En effet, fi de ces caches-misère façon animations satellites dont tout le monde se fiche, outre le fait que passé le temps crucial de leur actualité, elles perdent aussitôt leur notion d’information. Fi donc de ces billevesées et que Michel M. évoque enfin et désormais le cadre dans lequel cette « Célibat’Soupe » intervient dans sa vie de parigot de première bourre, merdalors de quoi !

Aussi, afin d’assoir ce billet dans un environnement propice au développement de son intérêt dans l’esprit des lectrices et teurs susceptibles de le croiser lors de leurs pérégrinations internettetées, les émules michèlèmiennes doivent avoir à l’esprit (enfin, les moins assidues d’entre icelles, ou bien les plus profanes car nouvellement venues en ces lieux, puisque il est su par toutes les autres quel est le rythme qui mène sa vie à l’auteur : hélas, l’absence décidément durable de statistiques ne permet toujours pas à Michel M. d’avoir une lisibilité quant à l’état de l’impact de son blog dans l’universalité numérique d’un monde en totale perdition, quand bien même quelques phares, à l’instar de ce présent havre de sérénité, l’éclaireraient) que, du lundi au jeudi soir, Michel M. à les coudées franches, il a quartier libre, il fait ce qu’il veut puisque, du vendredi au dimanche soir, ses nuits et ses jours sont ardemment collectivistes, dans le cadre d’un rapprochement sentimentalo-corporello-franco-ex-russe que sa brune mie Elena A. et lui-même brodent depuis bientôt 3 années (à ce propos, est à venir le second séjour, en France c’est important e façon commémoration classieuse, que Michel M. a concocté pour sa belle et lui-même : absolu motus quant à la destination, mais la réservation est bel et bien scellée, youpie !).

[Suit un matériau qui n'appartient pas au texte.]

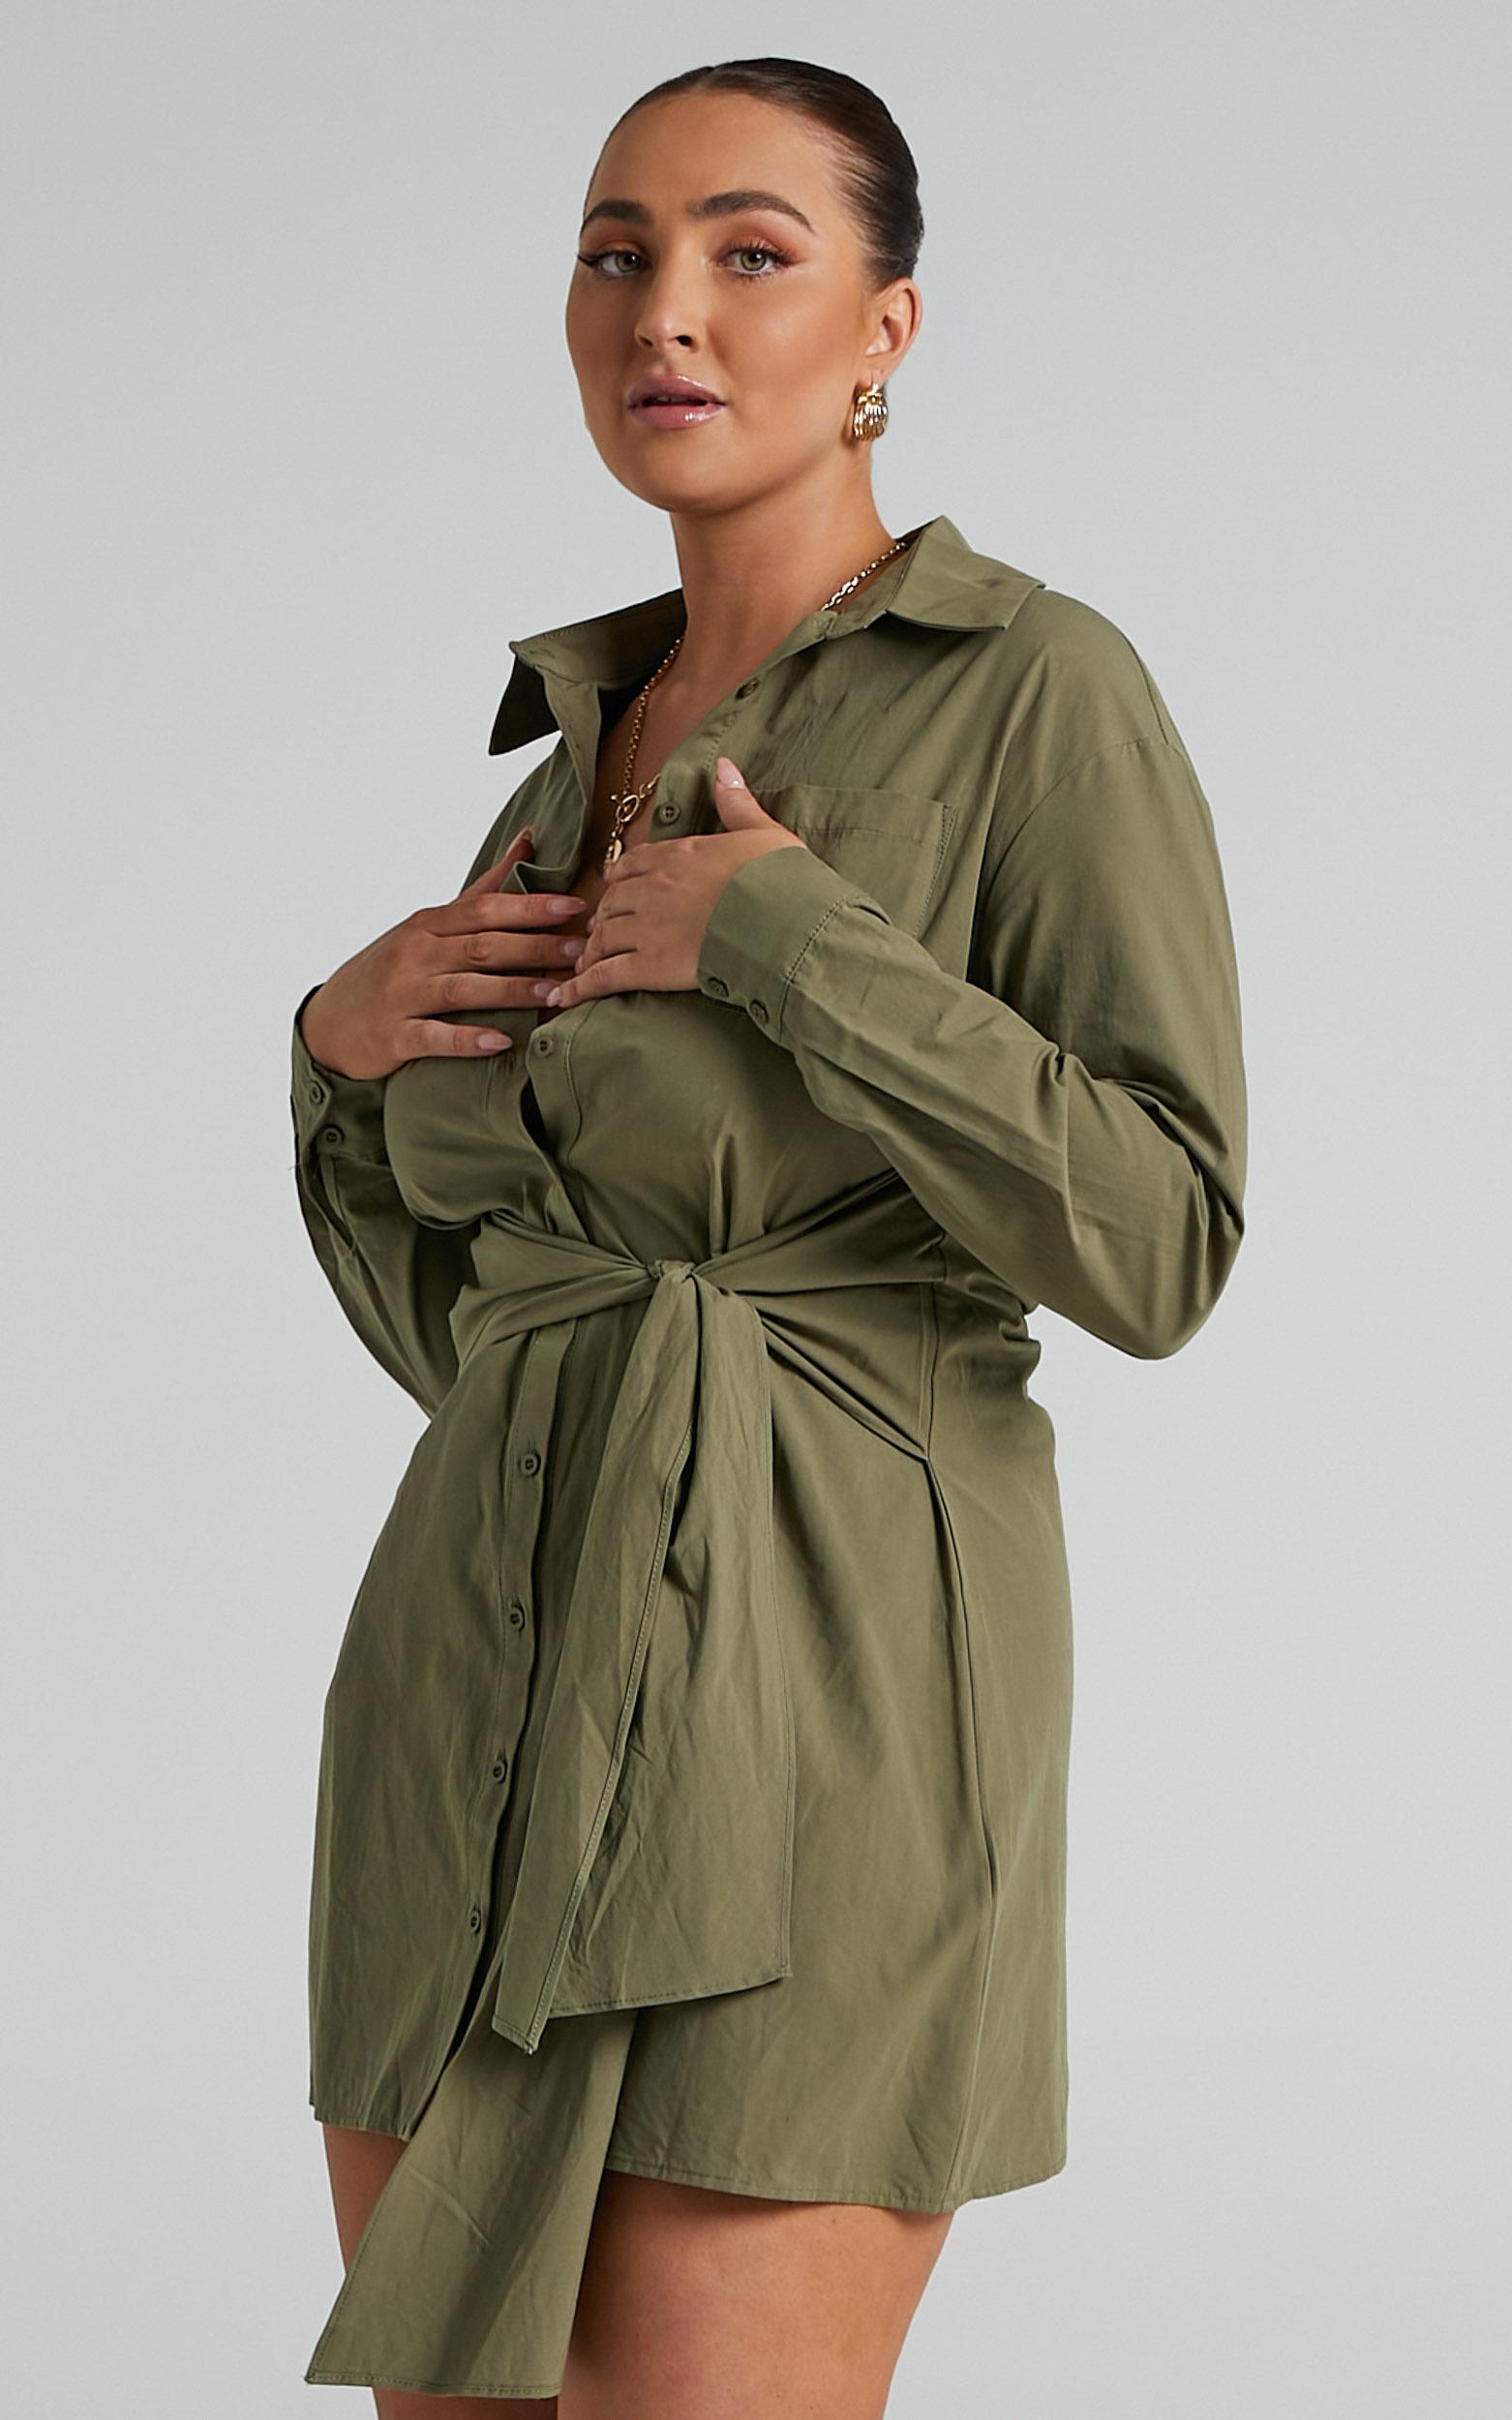 Macie Tie Front Shirt Mini Dress in Khaki - 04, GRN2, hi-res image number null

Que veut dire en l’occurrence ce « il fait ce qu’il veut », que d’aucuns Brutus style-genre pauvres erres menés par leur vibrionnant vit et autre brandi mat de basse cocagne prendraient pour droit à tout et, essentiellement en l’occurrence, tromperie sur eux-mêmes, les idiots , mmhm ?

Rien de plus que ce qui est écrit, l’écrit correspondant pour le coup à la réalité (c’est suffisamment rare chez ceux qui écrivent (pour se grandir la plupart du temps, autant d’autres idiots, évidemment) pour être ainsi souligné) : Michel M. quitte son (dur) labeur à l’heure qu’il a estimée être en adéquation avec ses obligations, âme et conscience, comme un seigneur en quelque sorte, pour se poser en toute délicatesse en son chez lui. Eventuellement, quelques courses sont faites dans le mini-marché sis à une cinquantaine de mètres de la grille de la cité sociale (hé oui, Michel M. fait partie de ces gens qui demeurent dans un logement pris charge par un partenariat public/privé) dans laquelle il habite depuis bientôt trois années. Parmi ces courses faites de produits de sustentation, car il faut bien se nourrir pour vivre (et non l’inverse, mais une telle existence concernerait une autre classe sociale « aisée » à ce qu’il parait, les pauvres gens !), certains mets issus d’horizons lointains, comme des sachets de soupes sèches dites « chinoises », qu’il faut faire « revenir » avec de l’eau bouillie. Bien entendu, comme tout français qui ET se respecte ET aime son pays (pléonasme très probable, mhmm ?), ce festin se doit d’être accompagné d’une bonne (forcément) bouteille de jaja, de rouquin, de pinard enfin bref, d’un vin soigné (enfin, est-ce ainsi que vivent les hommes selon Michel M., tout du moins).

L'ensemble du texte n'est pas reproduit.